By October 9, 2008No Comments

As a chemical dependency counselor at Visions Adolescent Treatment Center one of my duties is to educate the Adolescents on the disease concept of addiction and alcoholism. As an southern Californian, with a mother who has been sober through Alcoholics Anonymous for the last eight years, I am very familiar and comfortable with the disease concept. I am not going to lie, when my mother first got sober I was an ornery 13 year old teen who believed that the disease concept was an excuse that alcoholics used to disregard their horrid behavior.

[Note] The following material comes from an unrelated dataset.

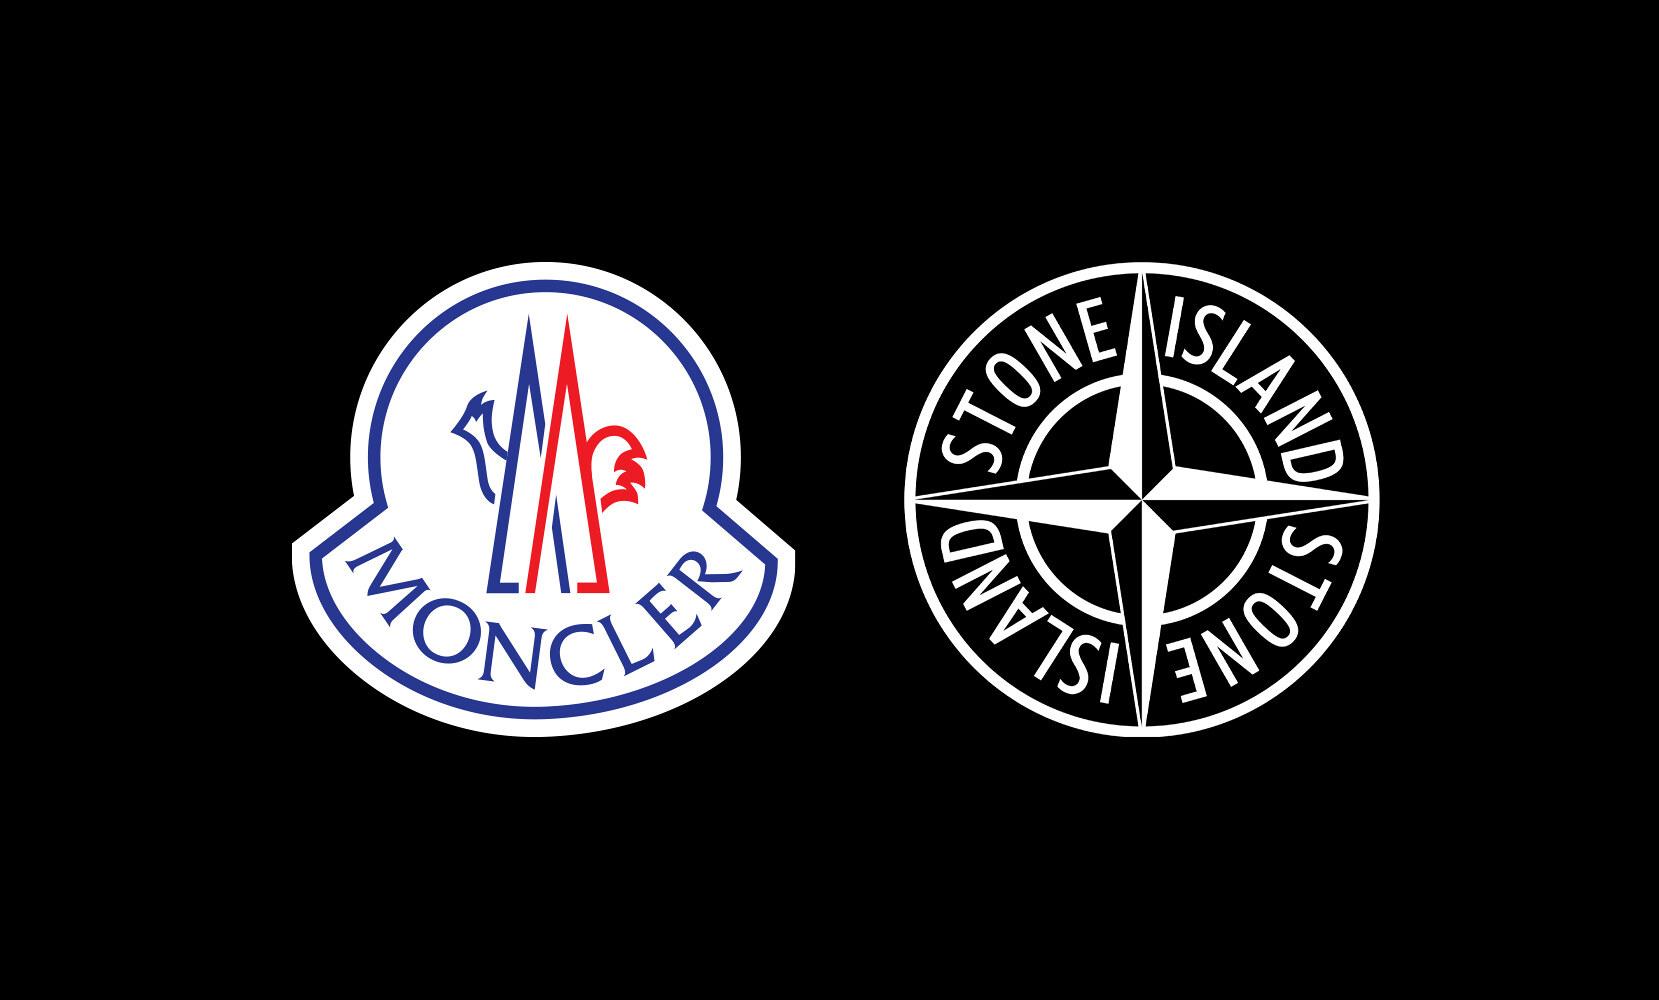 moncler stone island logo
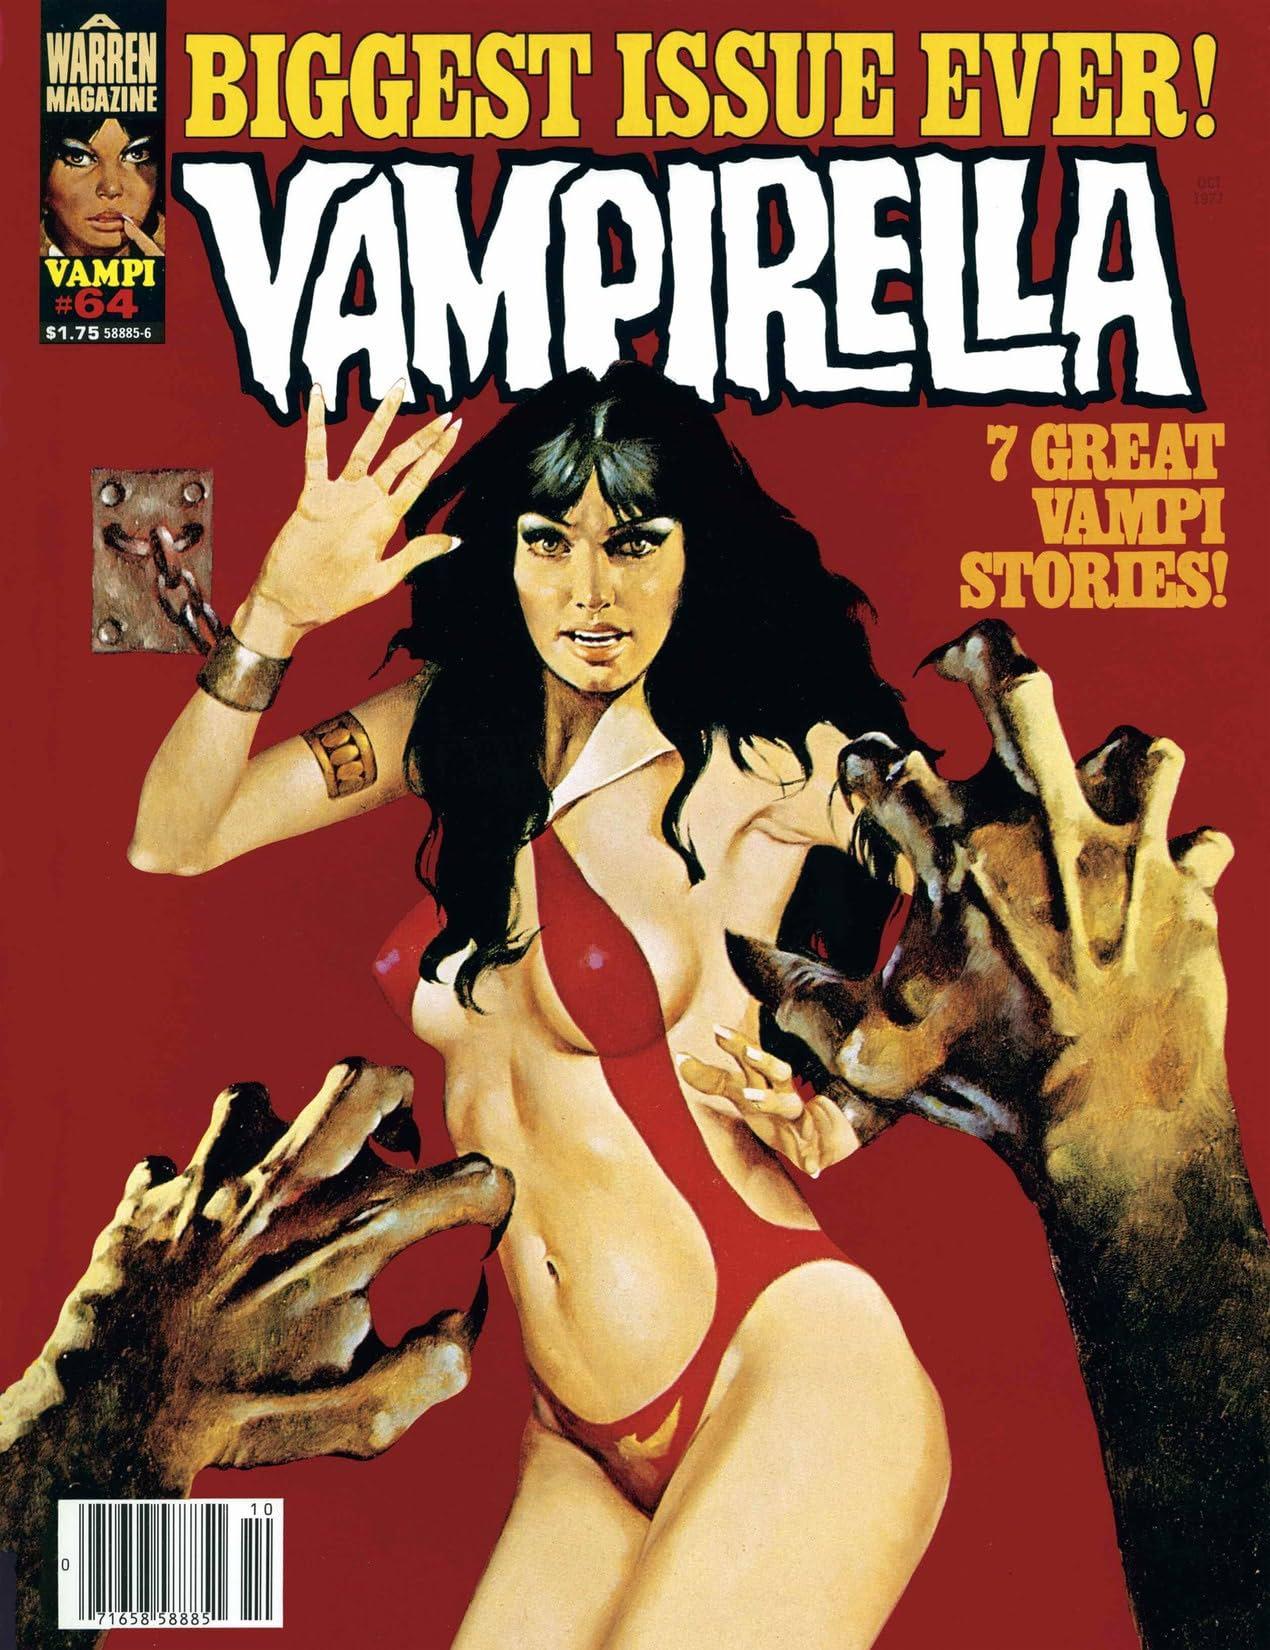 Vampirella (Magazine 1969-1983) #64

I thought that alcoholics and drug addicts, not knowing that I was one, needed to buck up and take the blame for their behaviors. (I did not know at this point that the twelve steps were solely aimed at taking responsibility for our actions and making them right.) However, through the process of going to adolescent rehab at Visions Adolescent Treatment Center myself and getting sober I became very familiar with the disease concept and readily accepted it. When people ask what I do for a living, I tell them, with pride, that I am a chemical dependency counselor for adolescents. Many are intrigued to learn more about the recovering community and most people praise me for helping others. Not once have I received negative feedback or people giving me weird looks, as I originally expected. So you could imagine my surprise, when I found out through a gentleman who was touring our facility, that around the world many people are skeptical about the disease concept. When I say skeptical, I mean that the impression that I got was that is was widely discarded as hogwash, for lack of a better term. This gentleman explained to me that he taught a course in the U.K. on the disease concept. He described the way that his students reacted to it and the various ways that he had to go about getting the information to these people without the entire class balking at him. I was speechless. Sometimes, I for one, take for granted the recovering community that I have grown up in, in southern California.